5 ARPROP - Resilient Backpropagation with global error back tracking.


RestoreDefaults () - Restore all default values. If you use any of the functions below don't forget to call this at the end of the AFL script.


SetSeed(SeedVal) - When a neural network is created it is randomly initialized using this seed value. The default seed value is 1 but that can be changed using this function. Sometimes a neural network can get stuck in local minima when training so changing the seed can sometimes help improve the results.


SetMomentum(Momentum) - The momentum of a neural network affects how fast the neural network trains. Setting this value too large can affect performance because it can cause the neural network to jump over the optimum point but it can also speed up convergence.


SetLearningRate(LearningRate) - Learning rate is affected by momentum and by default is 0.1 but can be much lower to increase the neural network sensitivity or much higher. Setting this value too high can make the neural network jump over the optimum result just like momentum.

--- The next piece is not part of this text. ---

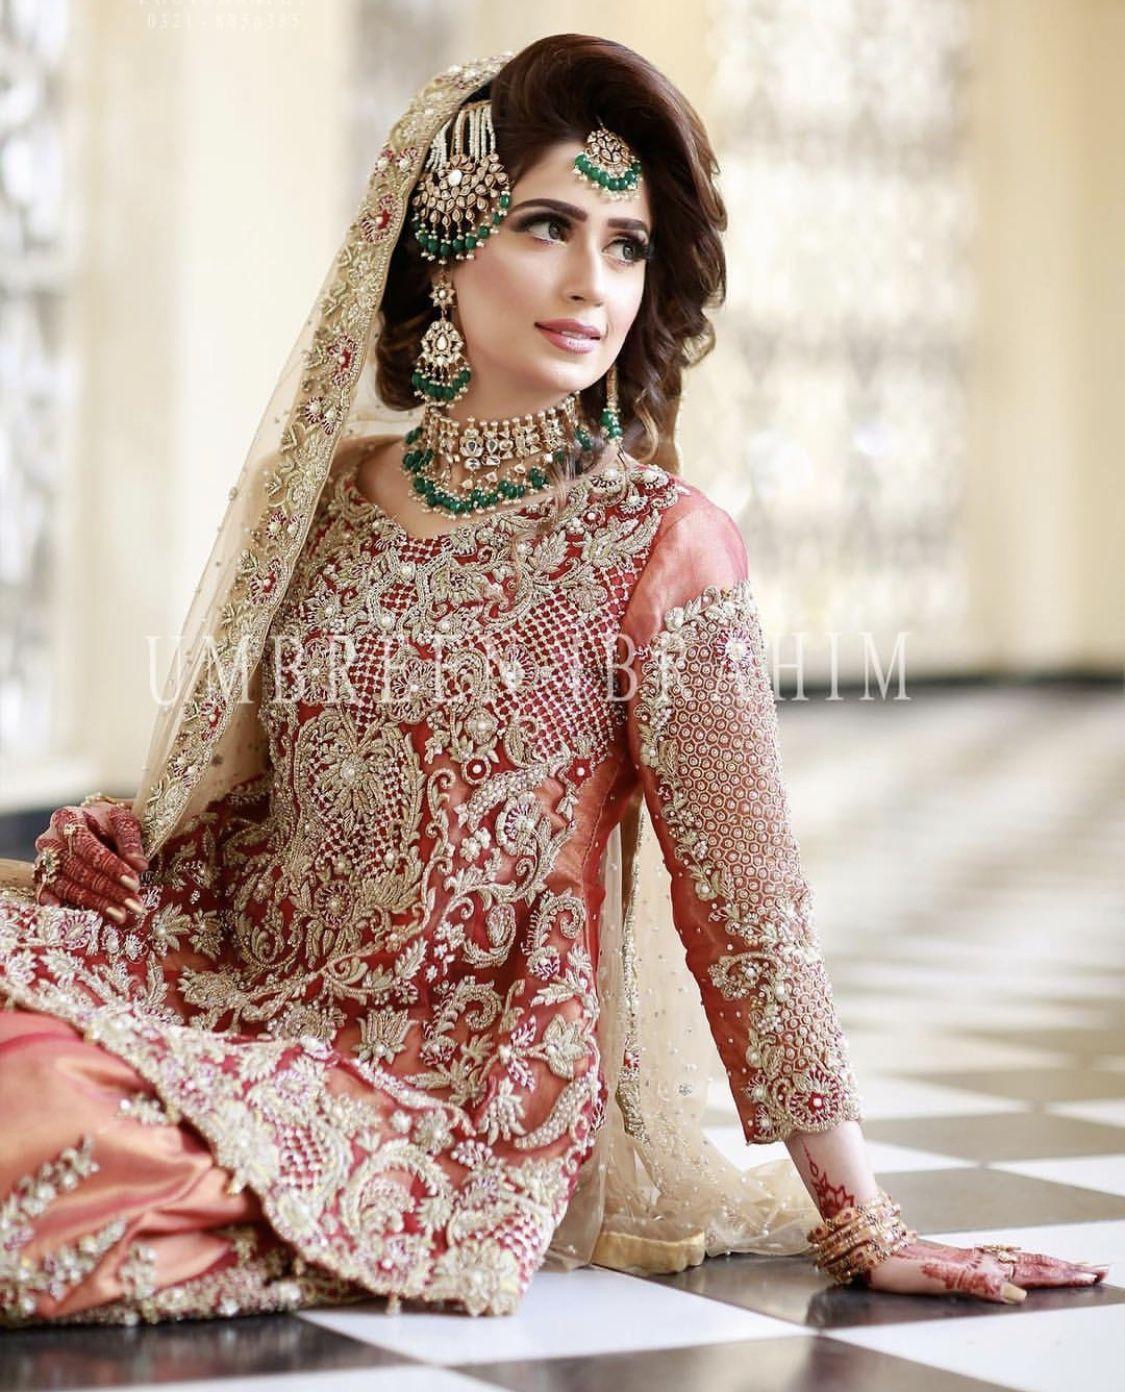 Pin By Nayab Musa On Wedding Inspirations

SetMaximumEpochs(Epochs) - This function sets the number of training runs for the neural network. The more epochs the better learned the neural network will be. But setting this value too high can lead to curve fitting so one should experiment to find the best number of epochs.


SetMaximumThreads(NoThreads) - Set the number of processor threads to use for neural network training. Maximum is the number of CPU cores available on your computer. By default all CPU cores will be utilized.

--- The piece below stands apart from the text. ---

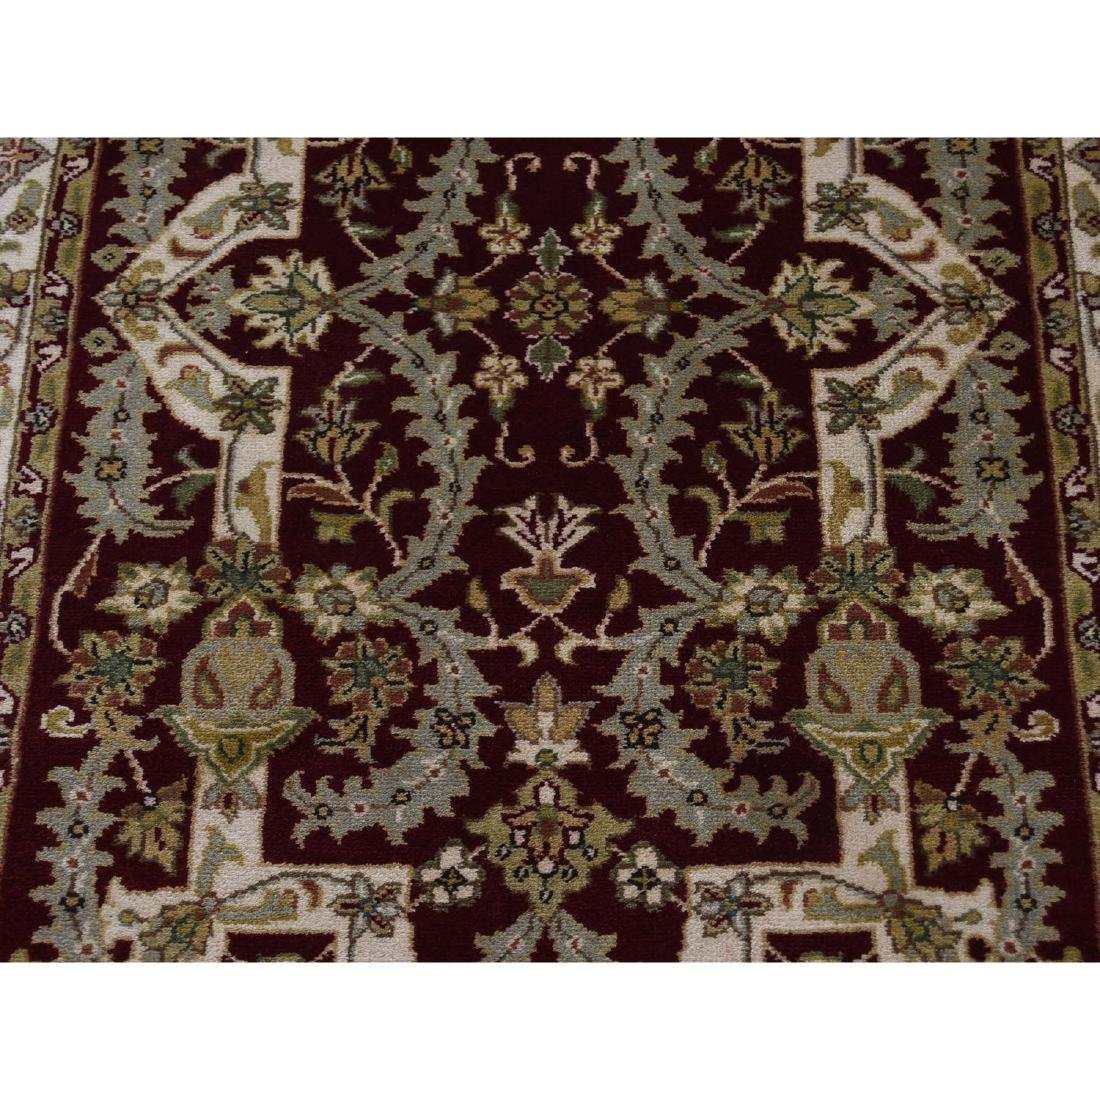 XL Runner Wool and Silk Tabriz Design 300 Kpsi Hand - 8

SetErrorAlgorithm(Algorithm) - Sets the neural network error training algorithm. This is the algorithm that compares your desired output with the actual neural network output and determines what the error is. There are currently two options. When "Algorithm" is set to 1 the neural network error training algorithm is linear. This algorithm is simply subtracts a desired output with the actual neural network output. When the "Algorithm" is set to 2 error algorithm is Tan H. This algorithm treats small errors as less significant and large errors as more significant.


SetSarpropTemperature(Temperature) - This function sets the simulated annealing back propagation (SARPROP) algorithm's temperature. The temperature value determines how fast the random simulated annealing weight adjustment is reduced. Good values for the temperature are 0.01, 0.015, 0.02, 0.03, 0.04, 0.05, 0.07. You will need to determine which value is appropriate for your problem.


EnableShuffleData() - This function and enables the random shuffling of all the data.


DisableShuffleData() - This function disables the random shuffling of all data.